The results of studying the productive potential and inheritance features of economically valuable traits of sugar-fodder hybrids of different genetic structures are presented. In modern conditions, selection for heterosis is the main tool for increasing the productivity of sugar beet hybrids, potential of which is not yet fully exhausted. Particularly important in the selection of sugar beet hybrids on the basis of CMS is the proper choice of parental components of hybridization, which will ensure a high level of heterosis in the first-generation hybrids.

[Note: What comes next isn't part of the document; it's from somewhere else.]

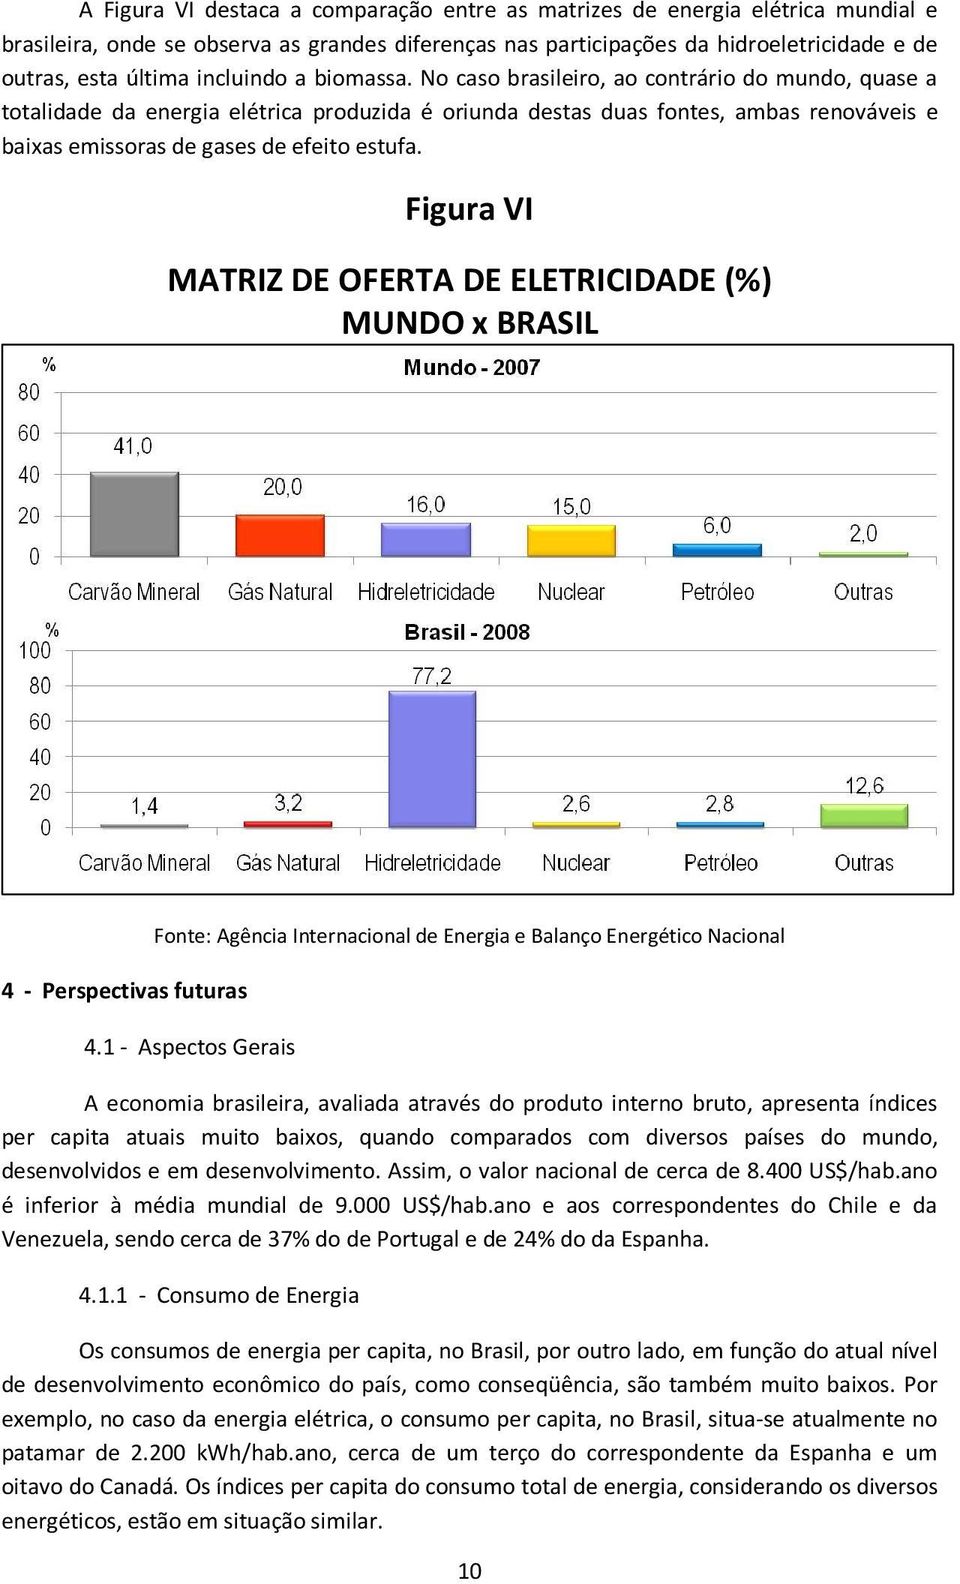 No caso brasileiro, ao contrário do mundo, quase a totalidade da energia elétrica produzida é oriunda destas duas fontes, ambas renováveis e baixas emissoras de gases de efeito estufa.

For the creation of new genotypes of parent hybrid components, a great attention should be paid to improving of selection and genetic methods and the possibility combining of them, which will allow to obtain new recombinations of genes and to create forms with high potential of productivity that can compete with world analogues. Also, the problem of simultaneous combination in the genotype of high yield and sugar content with high technological quality of sugar raw materials is especially important in the selection process.
The analysis of the inheritance of the main quantitative signs shows that in hybrids F1 usually is observed an intermediate manifestation of them in relation to parental forms. Deviation from the average indicators of parental forms is determined primarily by the degree of dominance of hereditary factors of one of the components of hybridization.
According to the research results, the prevailing types of inheritance of the signs of productivity of recombinant materials of beets of different genetic structures have been established. The best plant genotypes with the optimal combination of productivity traits and root shape for the further selection of multi-growth sugar beet pollinators were identified.
The valuable source material of beets of hybrid origin was obtained for repeated staged saturation crossings with high-sugar donor sources and selection new genotypes of high productive multi-growth pollinators of sugar beet with improved parameters of the root shape and partial protrusion of it above the surface of the soil.